DATA BELOW:
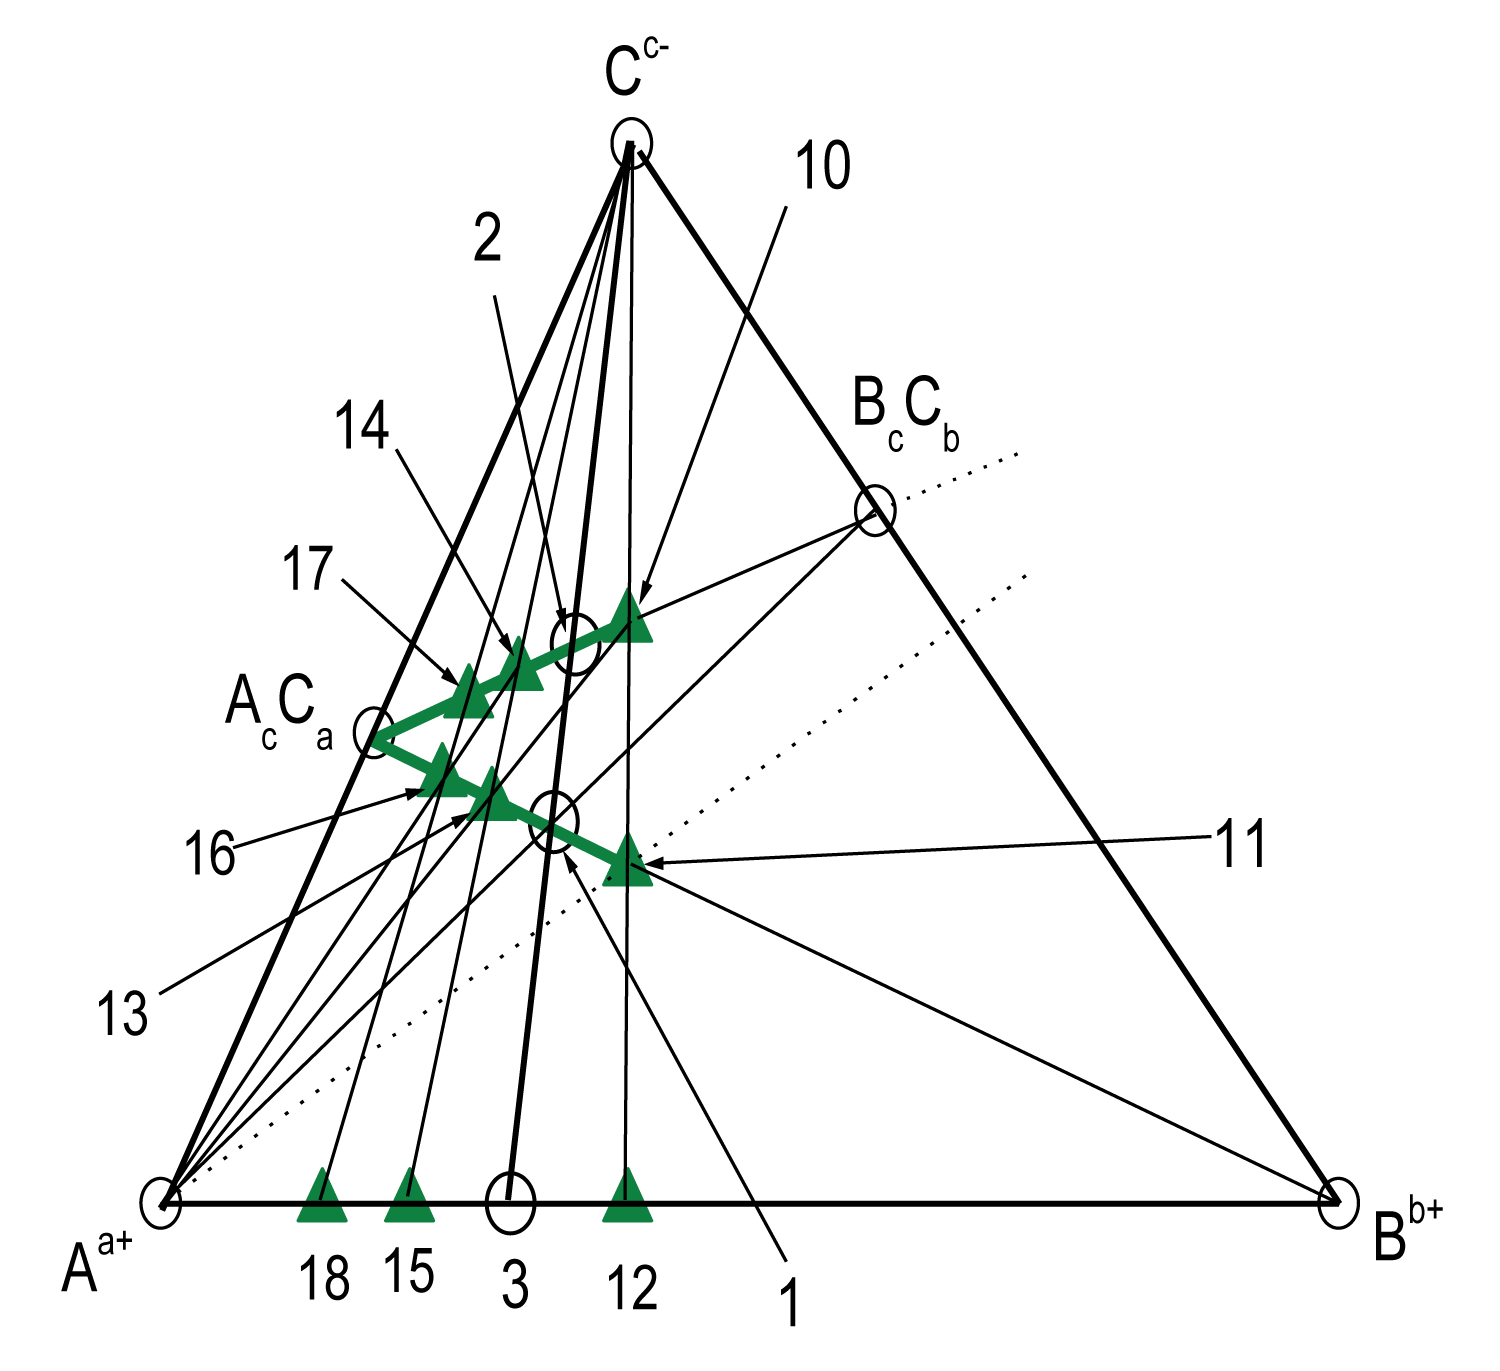 System (Aa+ – Bb+ – Cc–): p-group HS (AcCa direction). (p. 10 = TCCn(bas) = 1 = AtbcBracC(t + r)ab), (p. 11 = TChCln(bas) = 1 = [AtbcBracCt ab]rabc+), (p. 12 = TwChCln(bas) = 1 = [AtbcBrac](t + r)abc+), (p. 13 = TChCln = 2 = [A(t + r)bcBracC(t + r)ab]rabc+), (p. 14 = TCCn = 2 = A(t + r)bcBracC(t + 2r)ab, (p. 15 = TwChCln = 2 = [A(t + r)bcBrac](t + 2r)abc+), (p. 16 = TChCln = 3 = A(t + 2r)bcBracC(t +2 r)ab]rabc+), (p. 17 = TCCn = 3 = A(t + 2r)bcBracC(t + 3r)ab, (p. 18 = TwChCln = 3 = [A(t + 2r)bcBrac](t + 3r)abc+).
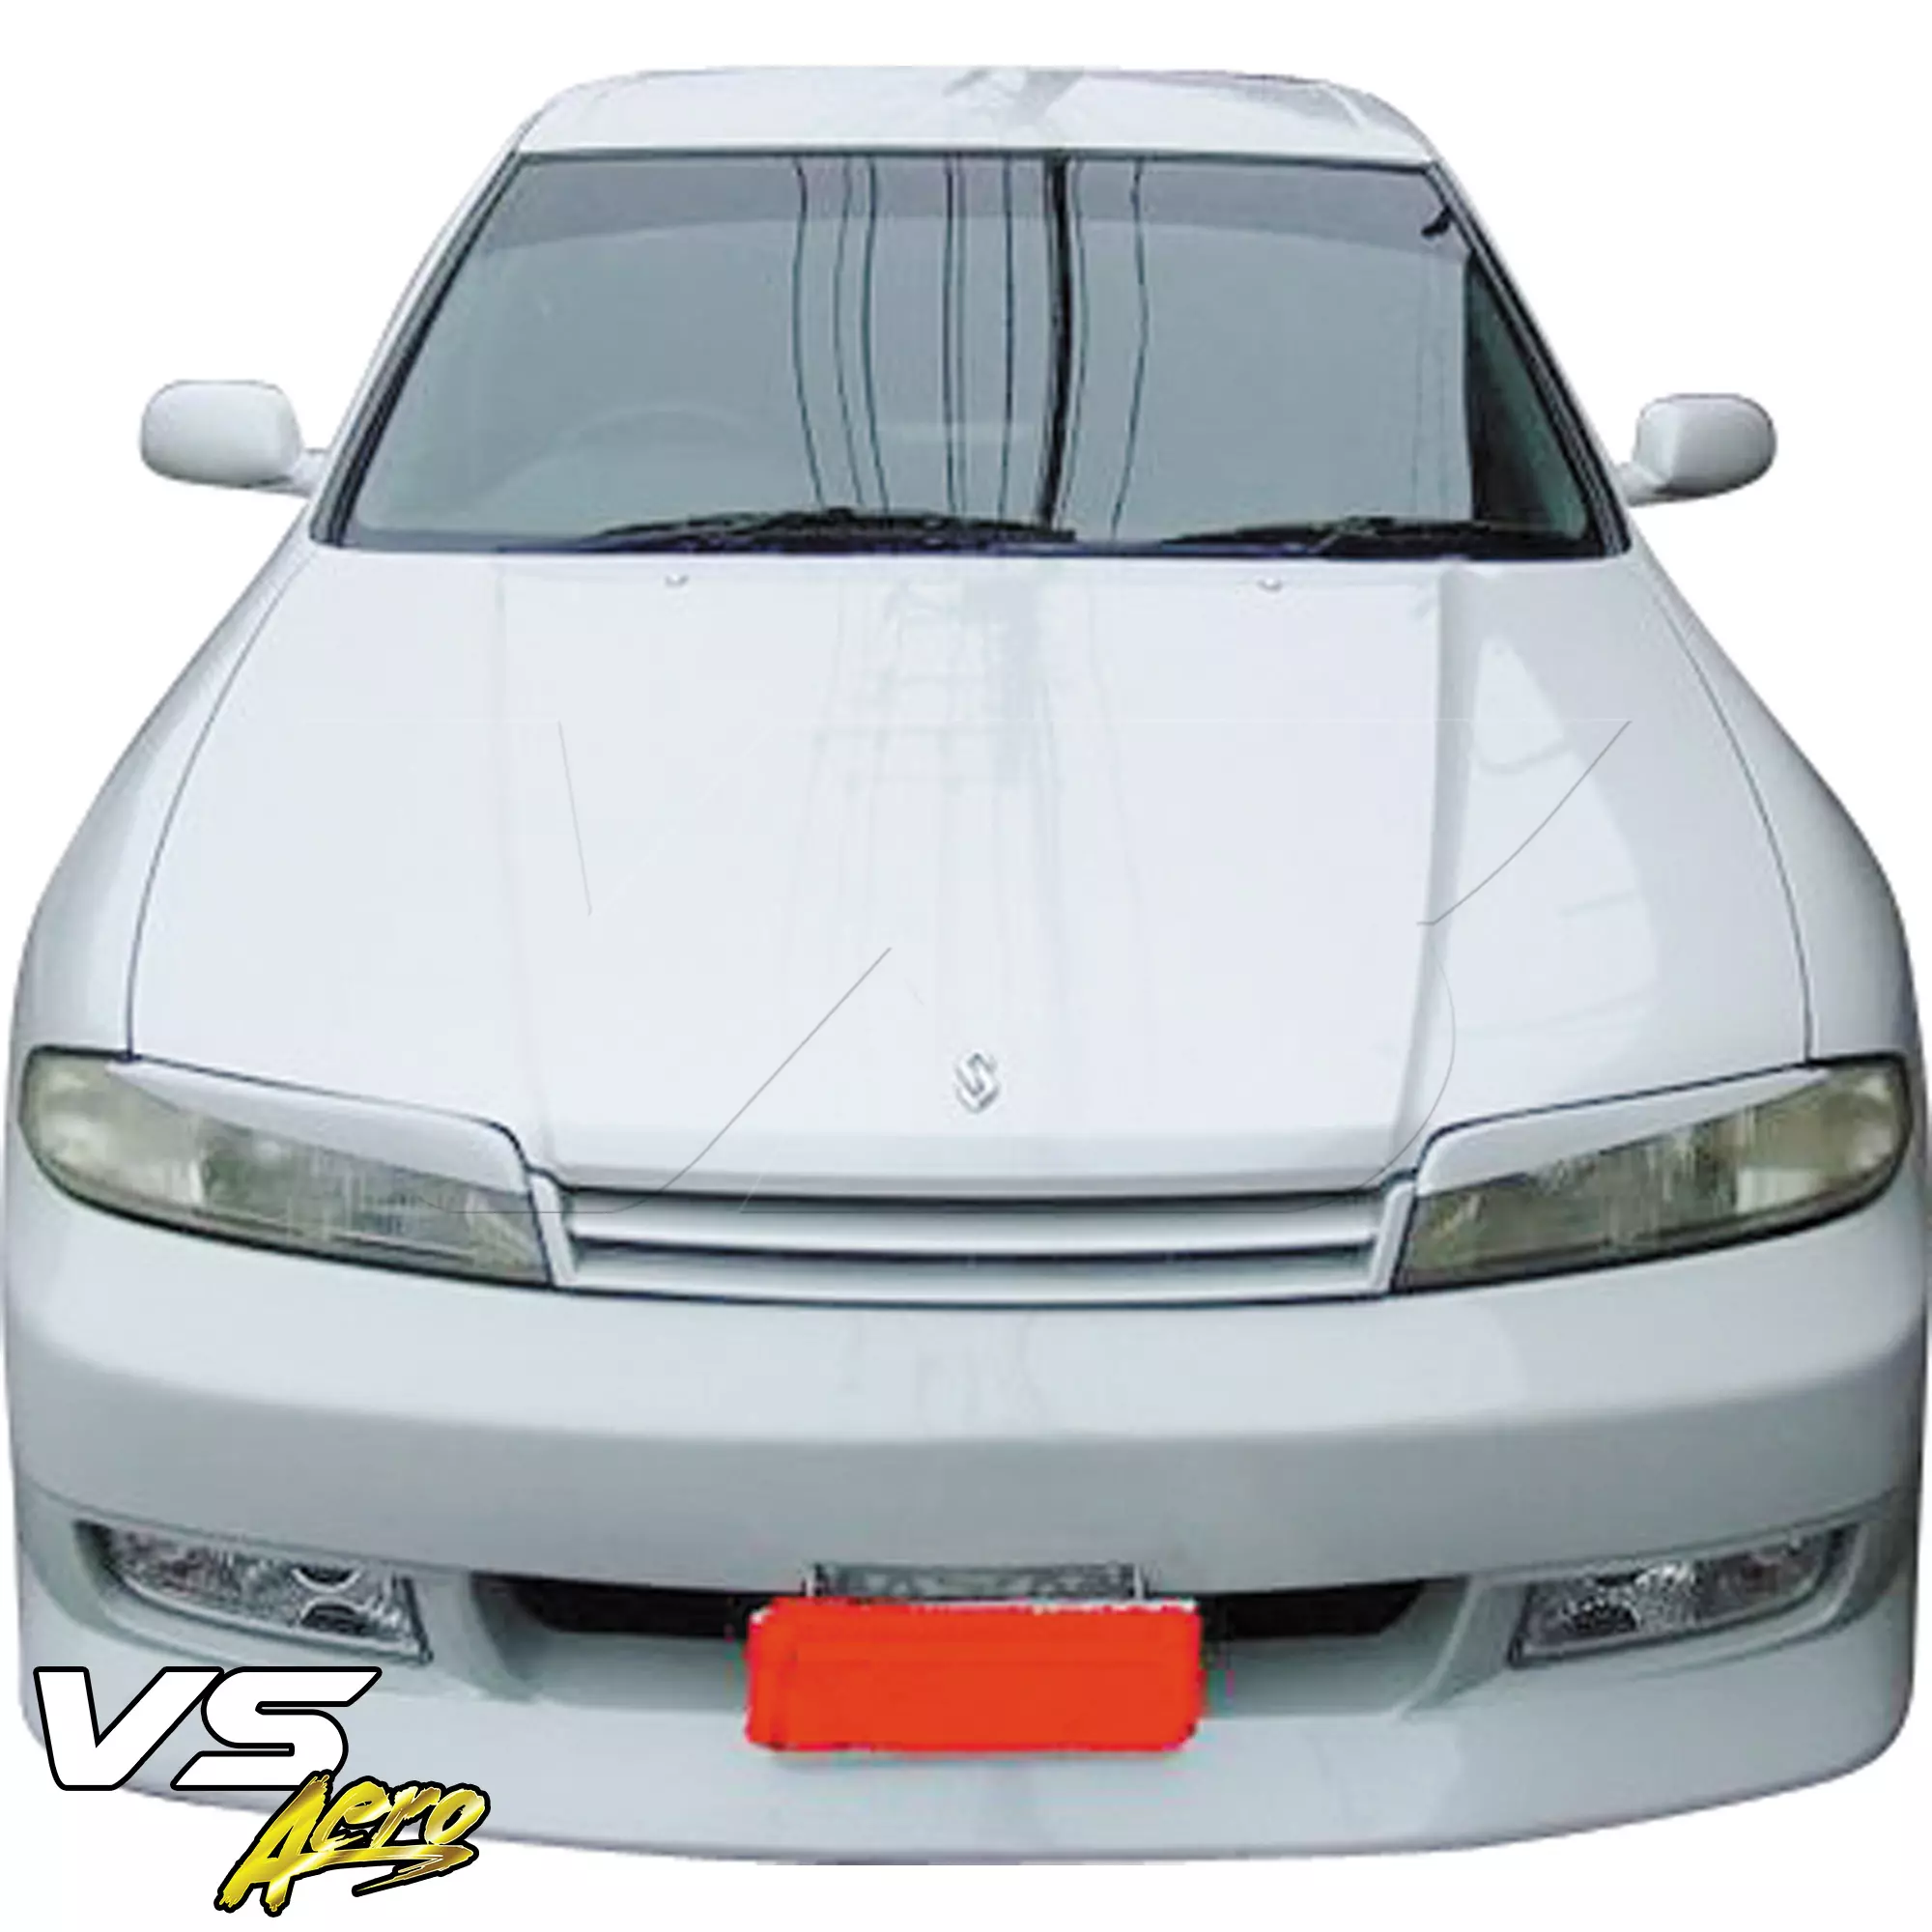 VSaero FRP FKON Body Kit 4pc > Nissan Skyline R33 GTS 1995-1998 > 4dr Sedan - Image 5
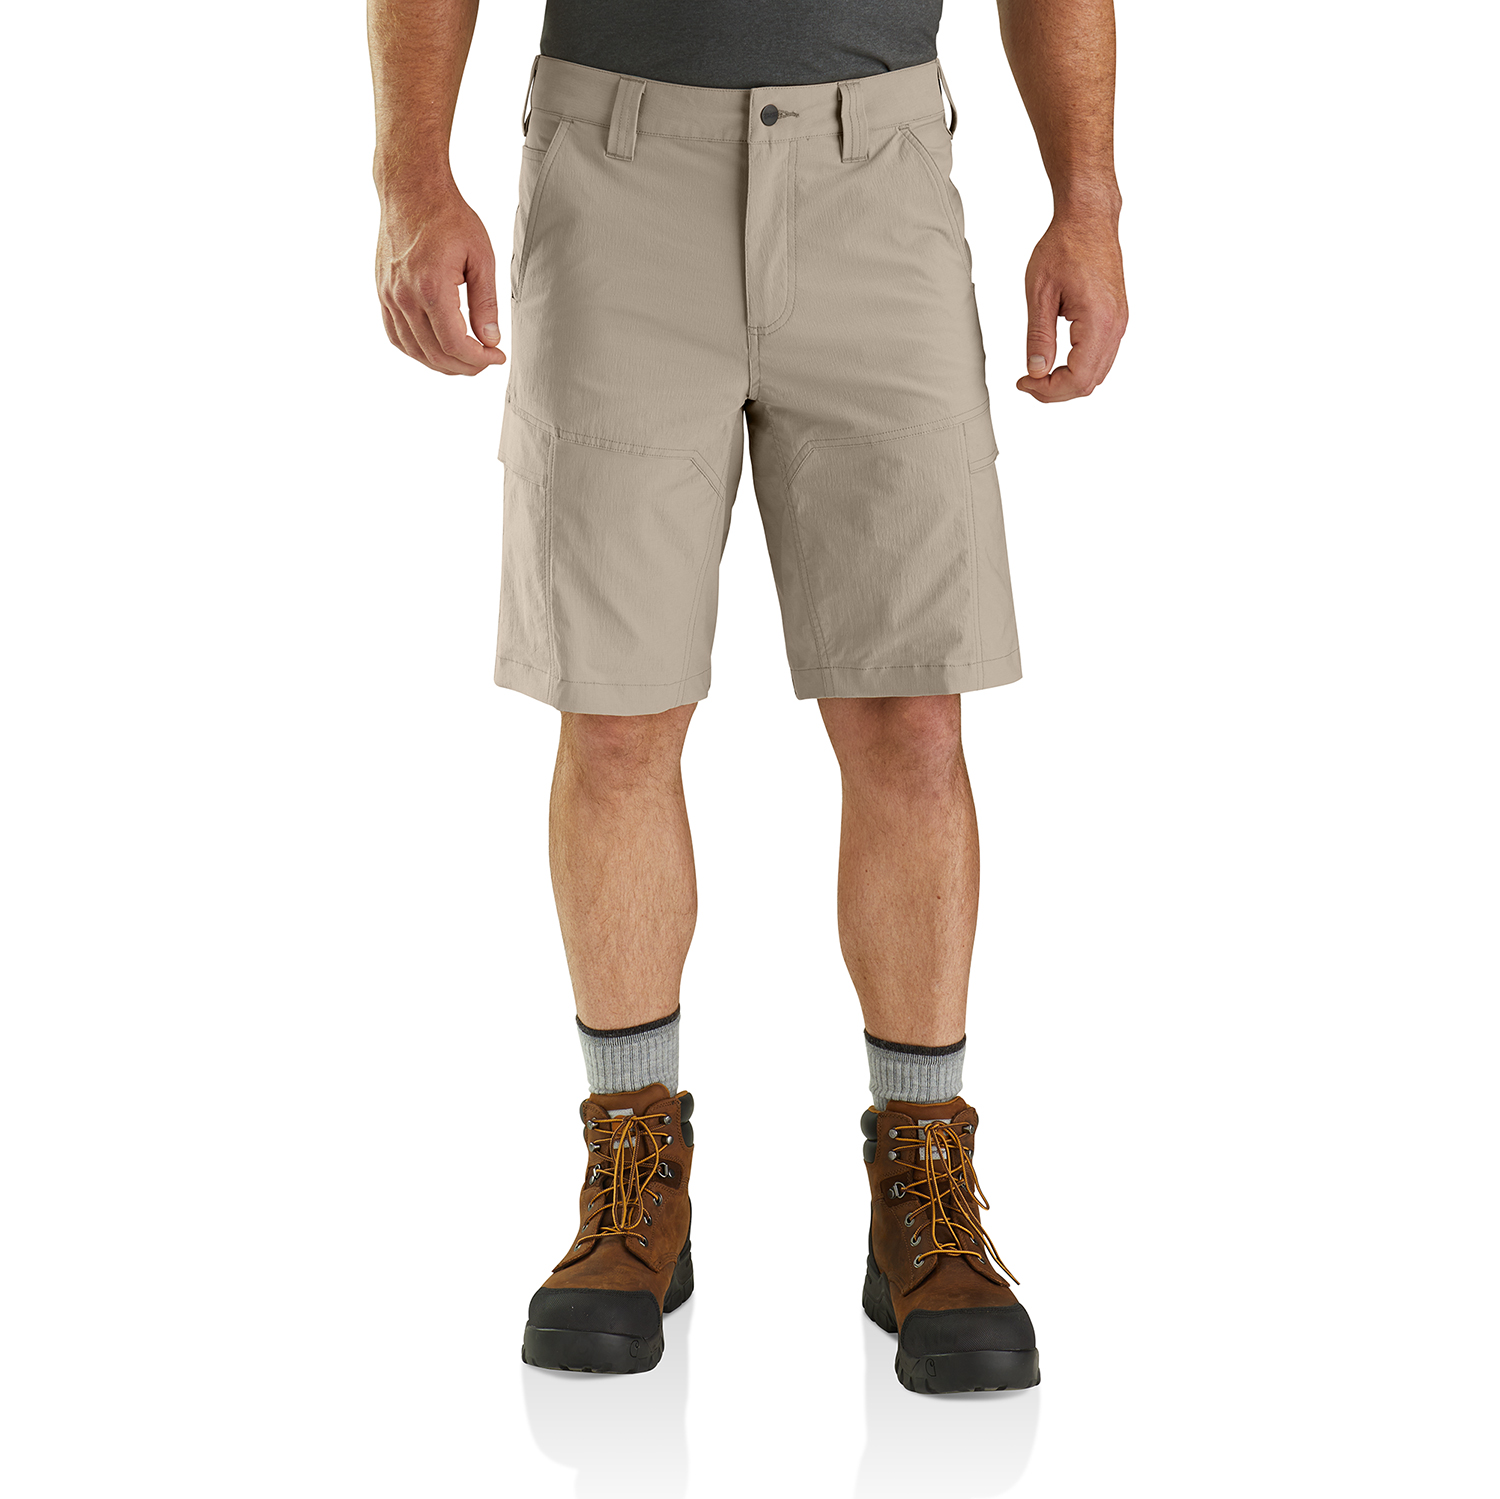 Men's Overalls Cargo Shorts Convertible Shorts Zipper Trousers Full Pants Trunks 
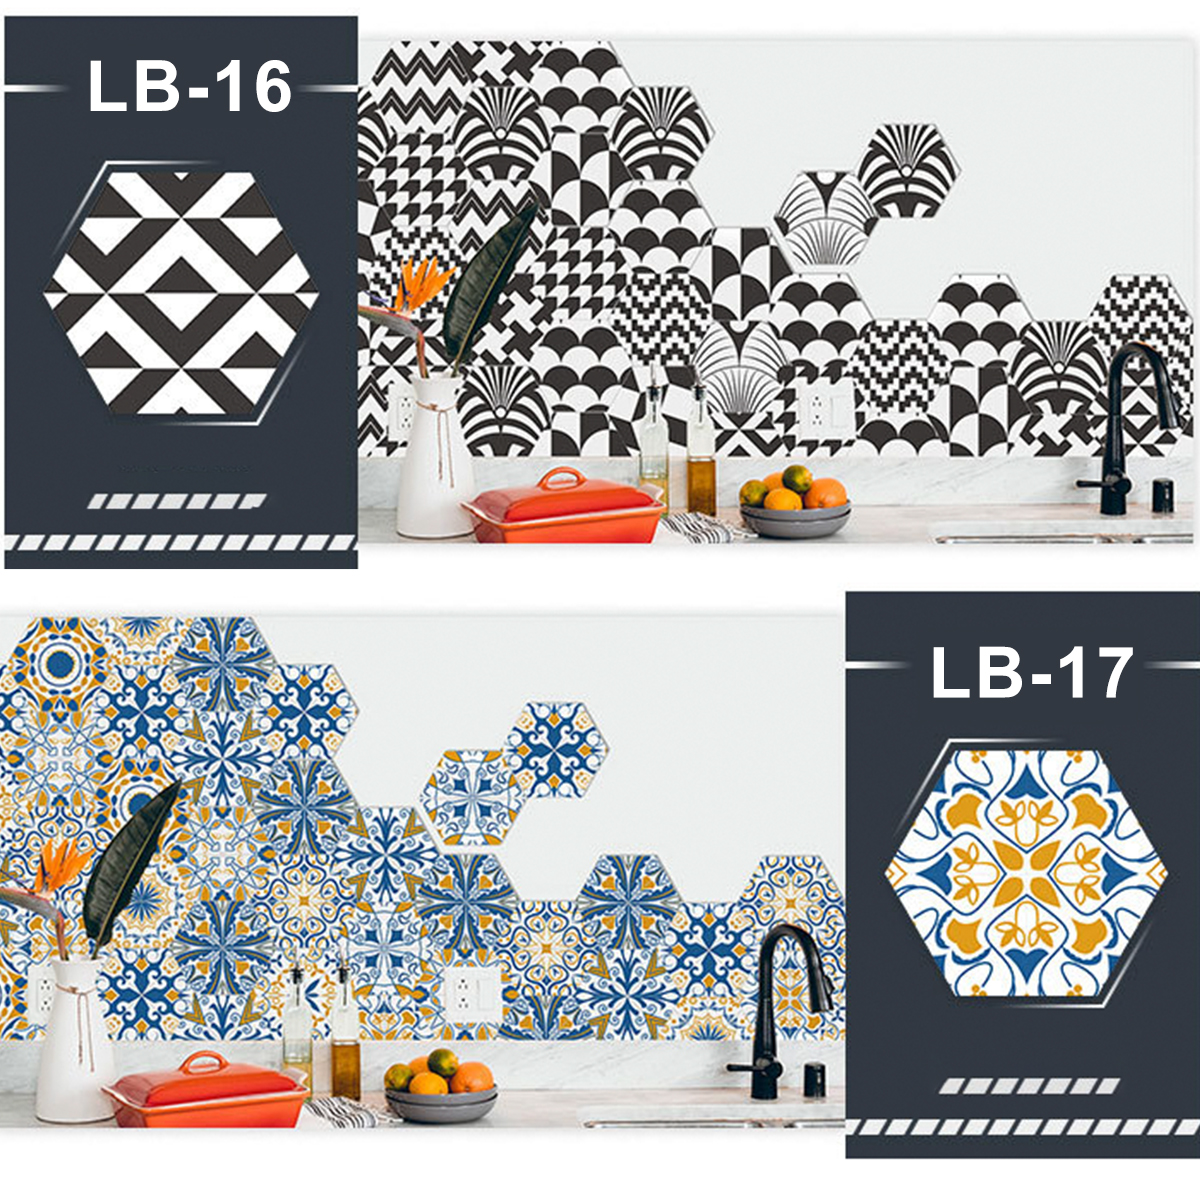 Hexagonal-Floor-Stickers-Special-Shaped-Tile-Stickers-Self-Adhesive-Bathroom-Toilet-Waterproof-And-W-1859007-10

WORK INSTRUCTIONS: With the images removed, write out all of the material above exactly.

TASK OUTPUT:
 System (Aa+ – Bb+ – Cc–): p-group HS (AcCa direction). (p. 10 = TCCn(bas) = 1 = AtbcBracC(t + r)ab), (p. 11 = TChCln(bas) = 1 = [AtbcBracCt ab]rabc+), (p. 12 = TwChCln(bas) = 1 = [AtbcBrac](t + r)abc+), (p. 13 = TChCln = 2 = [A(t + r)bcBracC(t + r)ab]rabc+), (p. 14 = TCCn = 2 = A(t + r)bcBracC(t + 2r)ab, (p. 15 = TwChCln = 2 = [A(t + r)bcBrac](t + 2r)abc+), (p. 16 = TChCln = 3 = A(t + 2r)bcBracC(t +2 r)ab]rabc+), (p. 17 = TCCn = 3 = A(t + 2r)bcBracC(t + 3r)ab, (p. 18 = TwChCln = 3 = [A(t + 2r)bcBrac](t + 3r)abc+).
 VSaero FRP FKON Body Kit 4pc > Nissan Skyline R33 GTS 1995-1998 > 4dr Sedan - Image 5
 Men's Overalls Cargo Shorts Convertible Shorts Zipper Trousers Full Pants Trunks 
 Hexagonal-Floor-Stickers-Special-Shaped-Tile-Stickers-Self-Adhesive-Bathroom-Toilet-Waterproof-And-W-1859007-10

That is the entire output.